The FE-IV is a very different machine. Now, the FE-VI of 1938 is very interesting. Wow, looks as an RCA TRK-12. Seems pretty advanced for it's day. The Reich really had something. Makes one wonder if these sets were ever used during WWII. I know that the Germans had a TV station set up in occupied France at the Eiffel Tower as a demontration available for public. It would be historically interesting to get a hold of that stuff today.

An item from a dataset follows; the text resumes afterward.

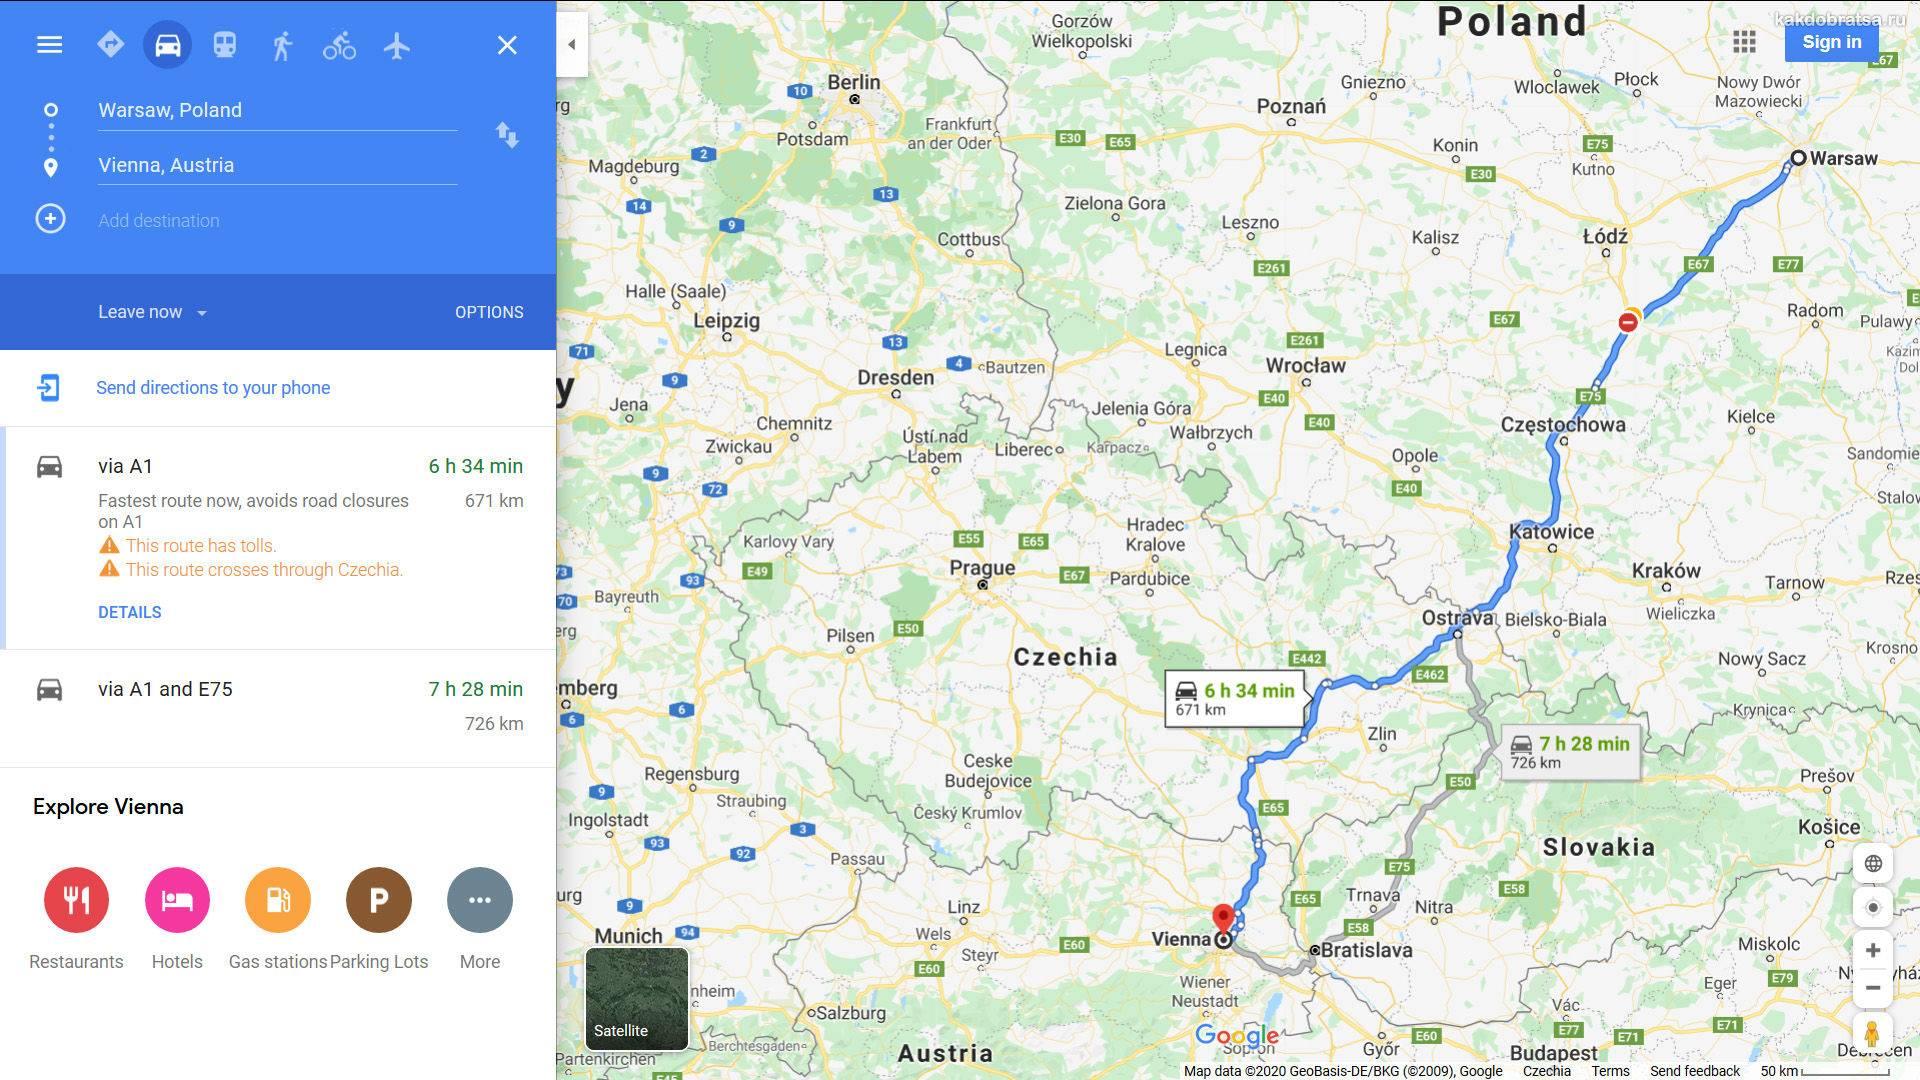 Как добраться из берлина в кёльн: автобус, поезд, машина. расстояние, цены на билеты и расписание 2021 на туристер.ру

There is one good thing to be said about a "gassy" tube. The ionization properties of a residual gas inside the CRT can be used in your favor to provide a source of electrons to help emission - but there are some side effects to consider. Historically, the Telefunken had 180 lines of resolution in their early TV sets. It was probably less than that using a gassy tube. A gassy tube would cause the divergence aperature of the electron beam from the gun to be very large. But, they probably didn't understand this too well back then. In addition to this, a gassy tubes would have produced a somewhat dim picture compared to the RCA TRK-12 of the same era (World's Fair 1939) due to a large amount of electron scattering from the residual gass inside the CRT. If you backfill a tube with a nobel gas (He, Ar , or Xe) or even Hg (mercury) it will ionize inside the tube, especially near the cathode and acts as a source of electrons. This allows for what's know as "cold" cathode emission. A great example of this is the 0Z4 full wave rectifier tube which does not have a hot filament but relies on the ionization of Ar (argon) to provide electron conduction to the anode. These tubes were extensively used in vibrator power supplies in car radios of the 1950's and early 60's. Another example would be mercury vapaor rectifiers often found in high voltage/ high current power supplies for transmitters. In the end, the Germans probably realized that to provide higher resolution and a brighter picture - the gassy tubes had to go! Enter the world of the hard vacuum and thermionic emission.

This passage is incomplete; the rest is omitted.